NTTとNECが描く「新メイドインジャパン」とは、2030年までにO-RANで世界シェア20%へ
通信技術で5Gやその次の6Gまで見据えた研究開発の資本業務提携を交わし、中長期的なアライアンスを組んだNTTとNEC。お互いのノウハウや技術を融合させたオープンアーキテクチャで、垂直統合モデルが幅を利かせる世界市場に打って出るという。NTTの澤田純社長とNECの新野隆社長が描く「新メイドインジャパン」とは何か。記者会見の一問一答から見えてくる。
――NTTがあえて出資した理由について。
NTTの澤田社長(以下、敬称略) 両社の協業は中長期の共同研究開発になる。両社間で連携した開発をスムーズに進めるために出資した。(NECの株式の)5%弱になるが、出資を増やしていくことが目的ではない。
――なぜ相互で出資する形ではないのか。
澤田 開発した後の役割分担はオペレーターとメーカーでクリアに分かれているため、双方で出資するほどではなかった。

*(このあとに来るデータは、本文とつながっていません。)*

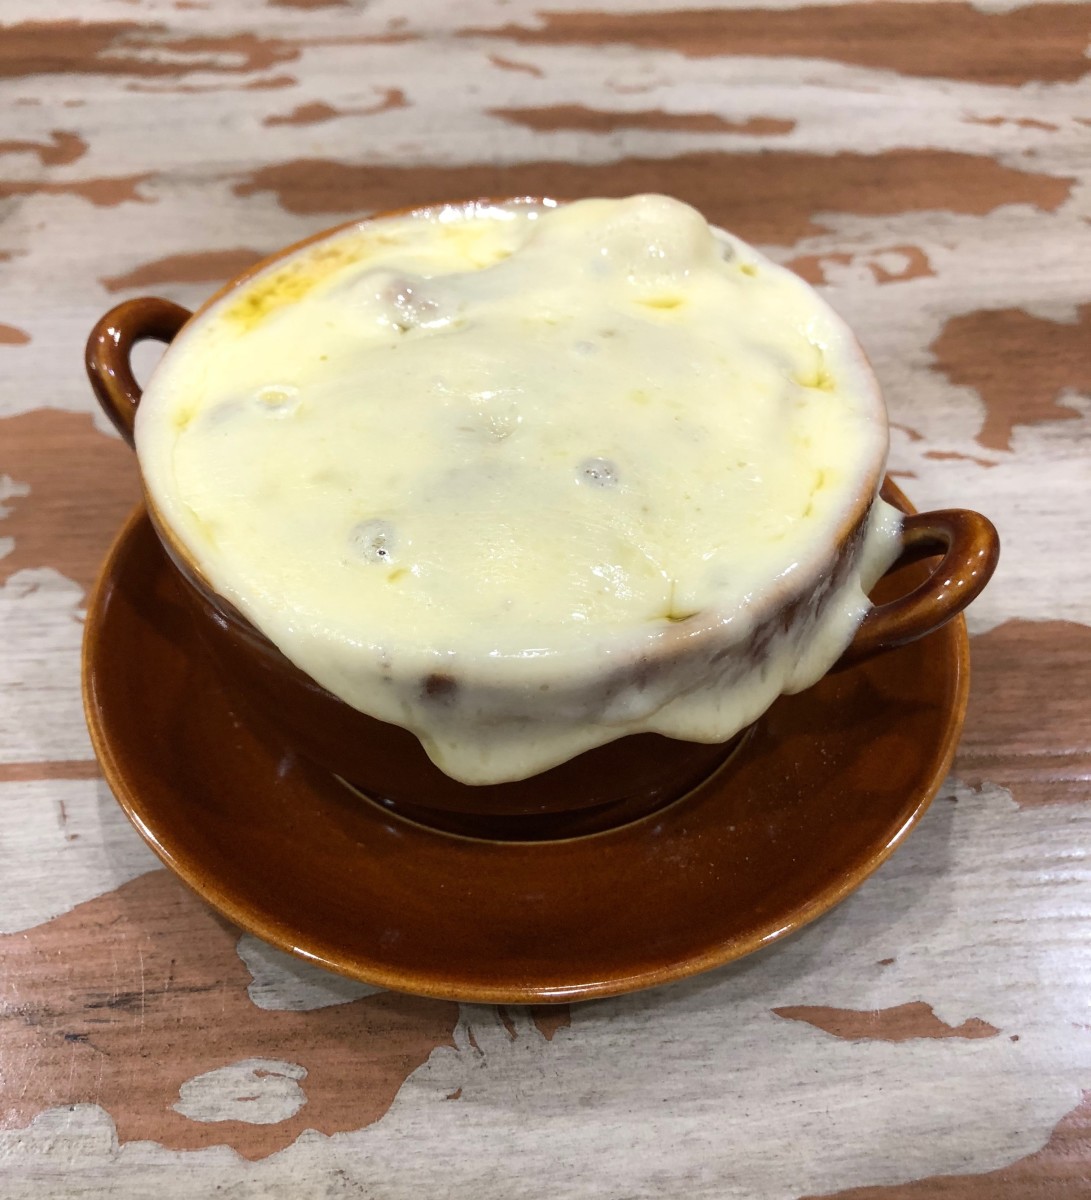 The provolone cheese is melted and the soup is ready to serve.

NECの新野社長(以下、敬称略) 5%の出資を受ける上で(NECの)経営を尊重していただける。また、資金の使い方に特に制約はないが、製品開発に投資をしていく上でうまく活用していきたい。もともとわれわれが掲げていた政策保有株式は、原則ゼロという会社方針にも合致する。
――世界情勢と今回の提携の関係について。
澤田 現在の垂直統合で動いているキャリアとメーカーの関係を、よりフレキシブルに、できればキャリア主導に変えていきたい。そこで、O-RANというオープンアーキテクチャを提唱している。キャリアのNTTとメーカーのNECが組むという、世界にもない新しいモデルになり、世界市場でシェアをとっていけると考えている。米中関係がきつい状況になっていく可能性がある中で、世界で通用する日本発の付加価値の高い製品システムを一緒につくっていく。新メイドインジャパンといったのは、そういうことだ。
――米国のファーウェイに対する追加制裁があったが、両社のサプライチェーンにおける経済安全保障上の位置づけについて。また、日本政府からの後押しはあったのか。

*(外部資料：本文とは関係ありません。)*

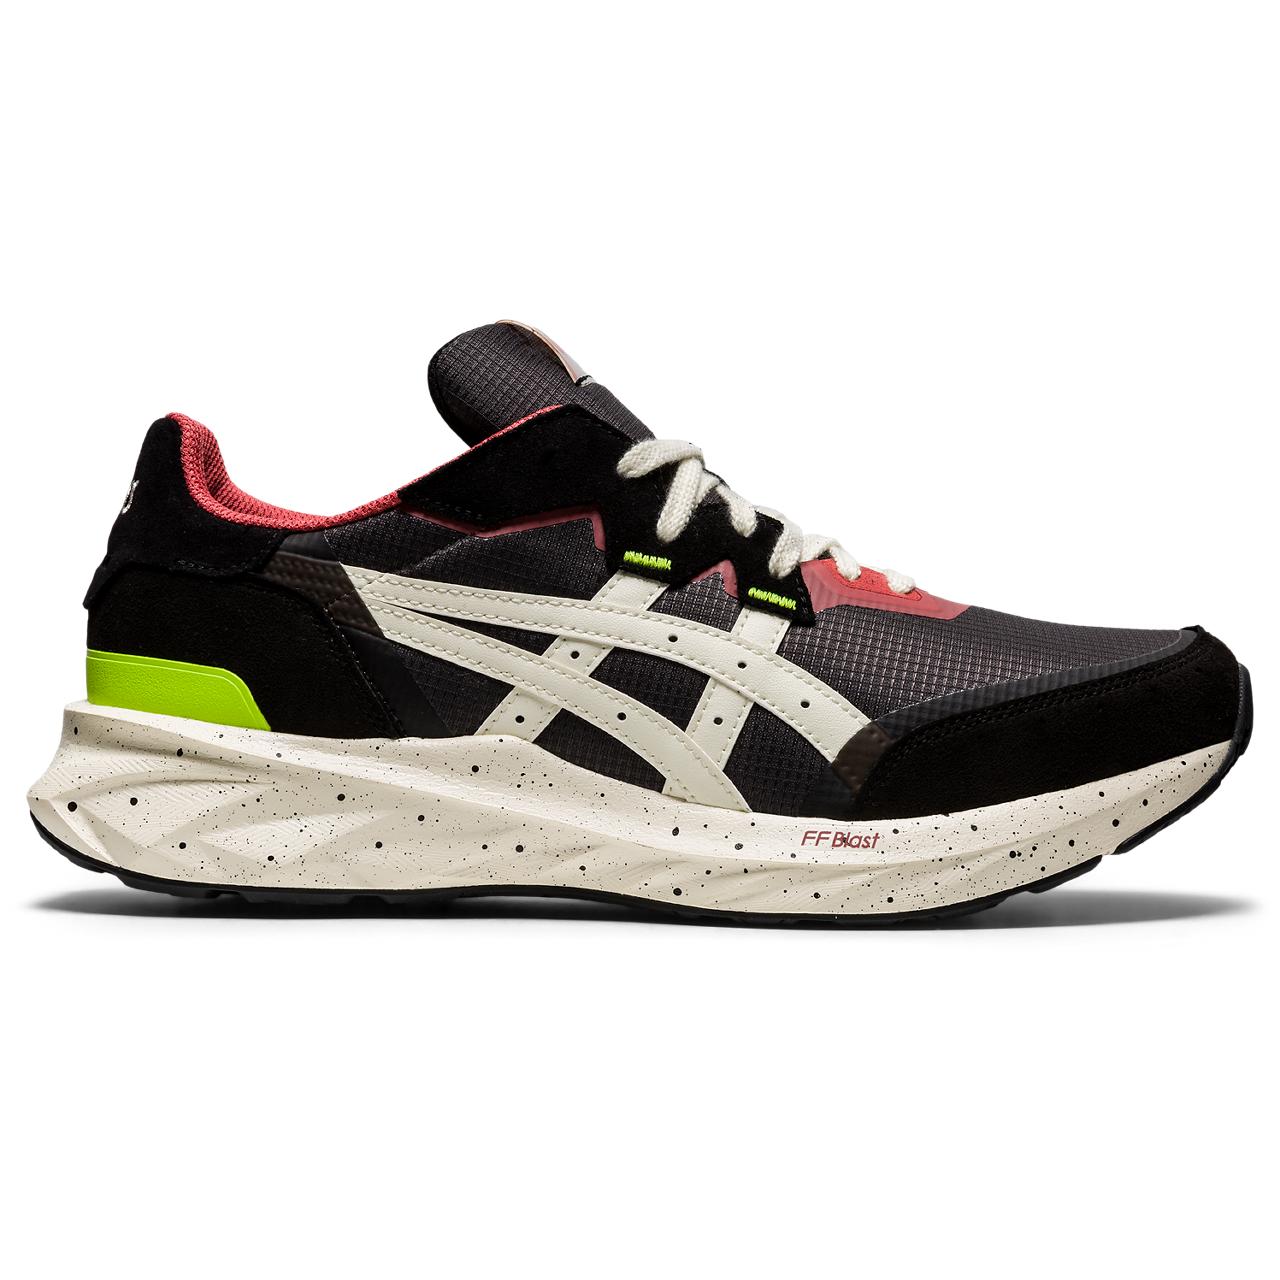 ASICS Size Guide

澤田 われわれはオープン化を推進しながら、信頼のおける国やプレーヤーと組んで新しいシステムをつくっていきたい。結果的に、経済安全保障にも合致していくのだろう。日本政府との連携は、手前では5Gのシステムで国がリードして後押ししてもらっている。われわれのO-RANを世界に出していく点でも、直接、間接は別にしても国がそのように見てくれていると認識している。
新野 日本政府からO-RANをグローバルに展開していく上で、大きな支援をいただいているのは事実。ただ、今回の資本業務提携は両社で決めたことだ。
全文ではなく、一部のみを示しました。